Speeding up site indexing & handling of deleted pages
Hi,
Is there a quick way to speed up site indexing other than manually browsing every page of our site?
Our site runs to approx. 5,400 pages and we get a reasonable volume of daily visitors. We understand that the site index is built using a refer script based on visitor page views and after one day about 570 pages are in the index. Our concern is that only the most popular pages will find immediate inclusion in the index leading to the less popular pages to be omitted, or taking quite sometime before becoming included. Our current sitemap registered with google runs to about 4,800 pages and until the AutoSitemap index reflects the true number of pages in our site we cannot switch to the AutoSitemap index lest google de-index pages from our site.
I was therefore wondering if there is a way of manually update the sql database with all of the html pages names, or alternativeley a means of crawling the site to ensure that all of the pages get registered?
My second question is does AutoSitemap remove deleted pages from the index?
Thank you,
GuyPV
Hi David,
Thanks for the reply.
I think our current xml file could probably be opened by a php script.
It's a shame about the deleted pages.
Regards,
Guy
Hello Guy,
You've correctly understood how AutoSitemap works; so i'm afraid without intervention it would take time until all URLs are included. Of course this is not so much of a problem on a new site (a forum for example where users are creating new pages all the time) as the AutoSitemap database would grow with the site.

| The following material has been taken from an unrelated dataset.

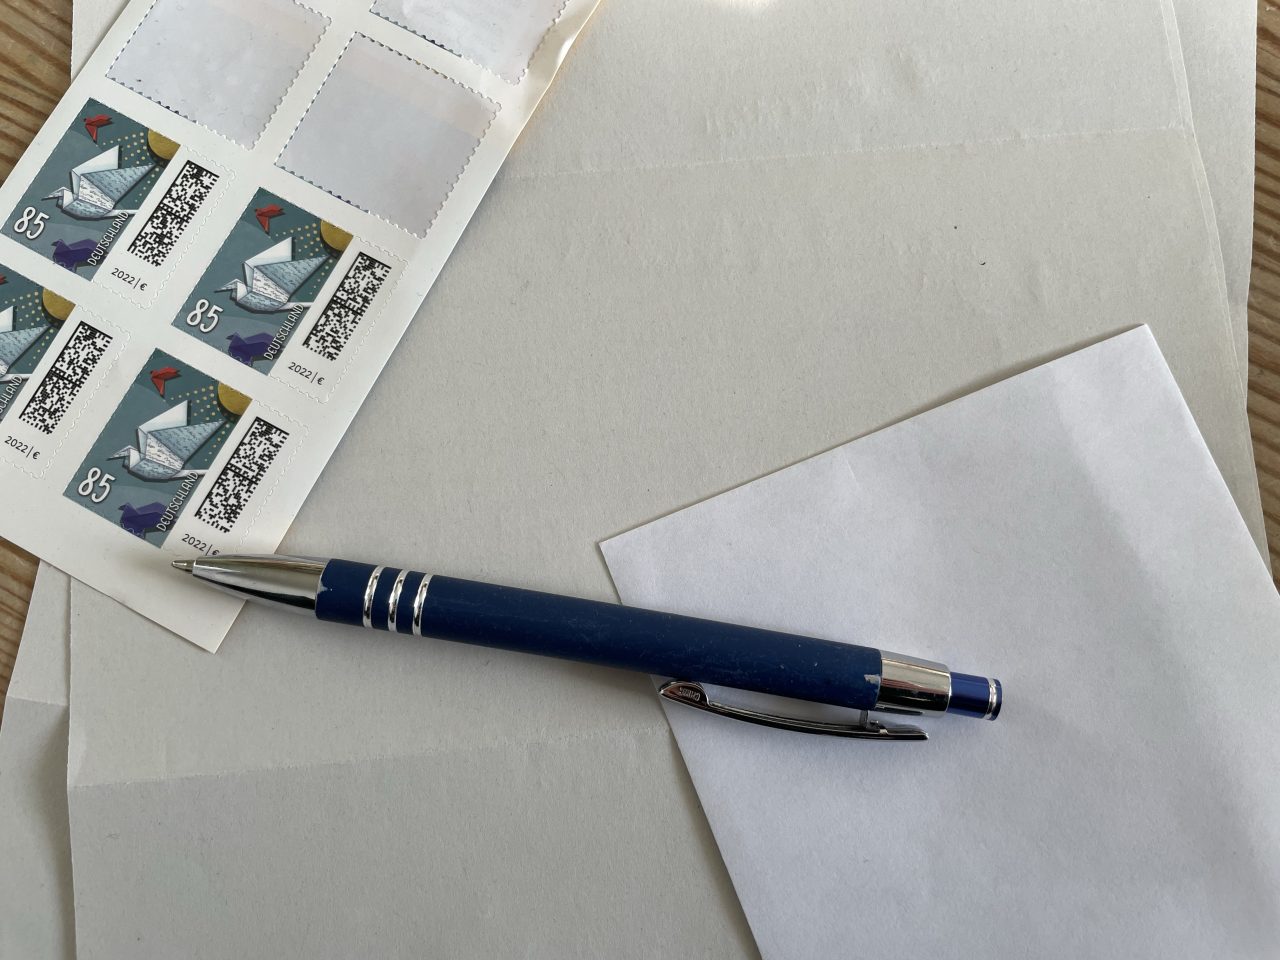 Briefmarken, Papier, Stift, Umschlag auf einem Tisch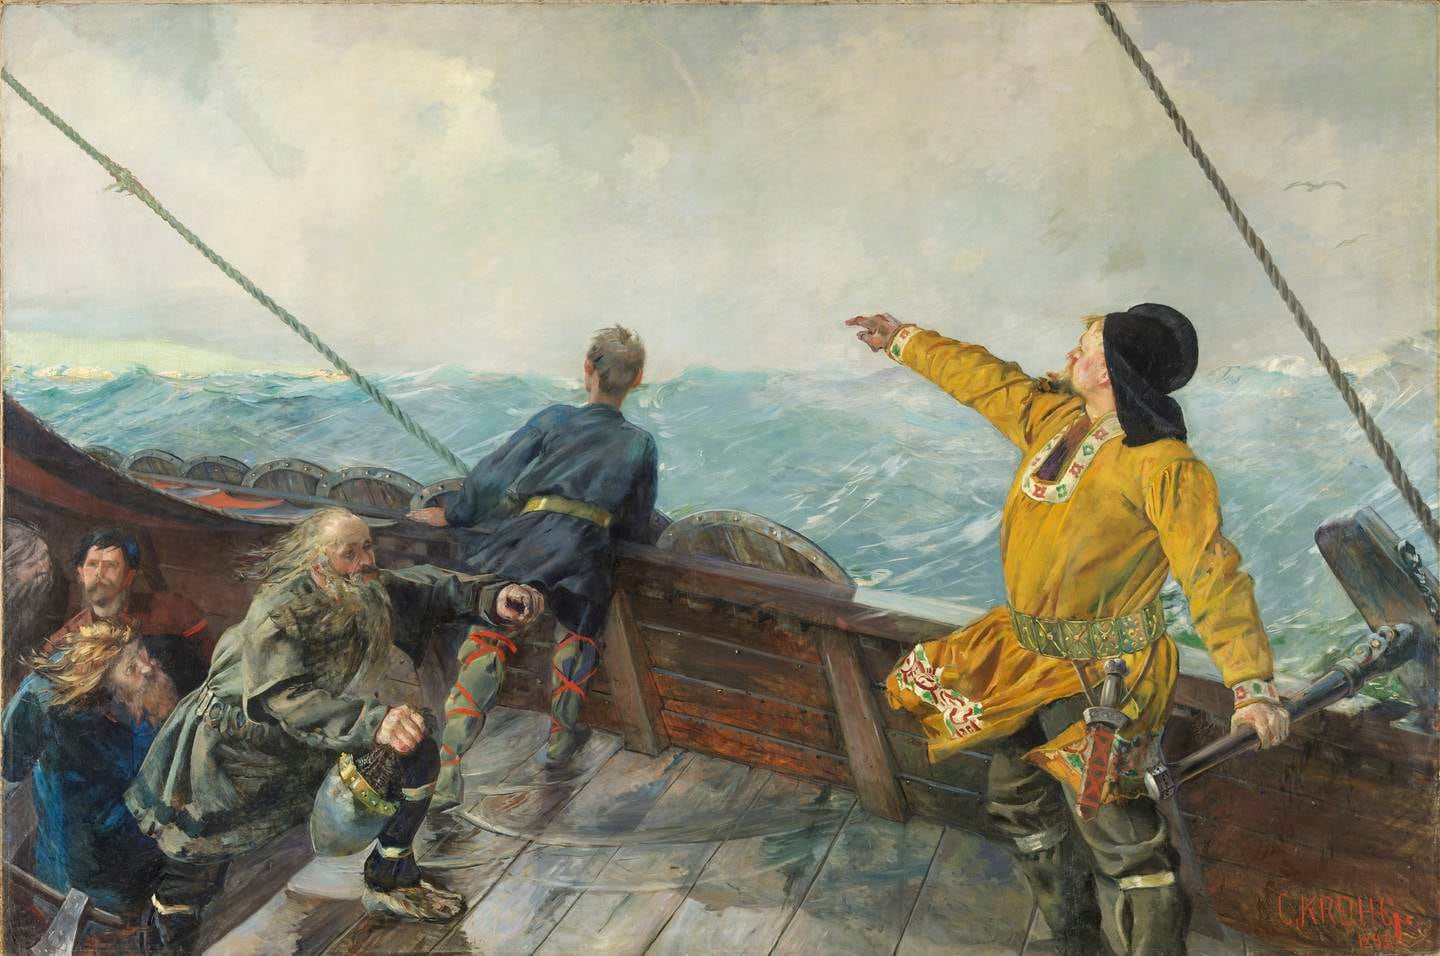 Flere kjente malerier plasseres i kjelleren i det nye Nasjonalmuseet i Oslo som en del av en modernisering av museet. Deriblant Christian Kroghs «Leiv Eiriksson oppdager Amerika».

If you already have a sitemap it should be possible to write a small utility to parse the file and load the URLs into the AutoSitemap database. I'll have a look into this for you. Could your current XML file be opened by a PHP script running in the same directory on your server?
Old pages are not automatically removed i'm afraid as there is no feedback mechanism to tell the database which pages no longer exists, although you can delete them of course using either an exact or wildcard URL.
Cheers,
David.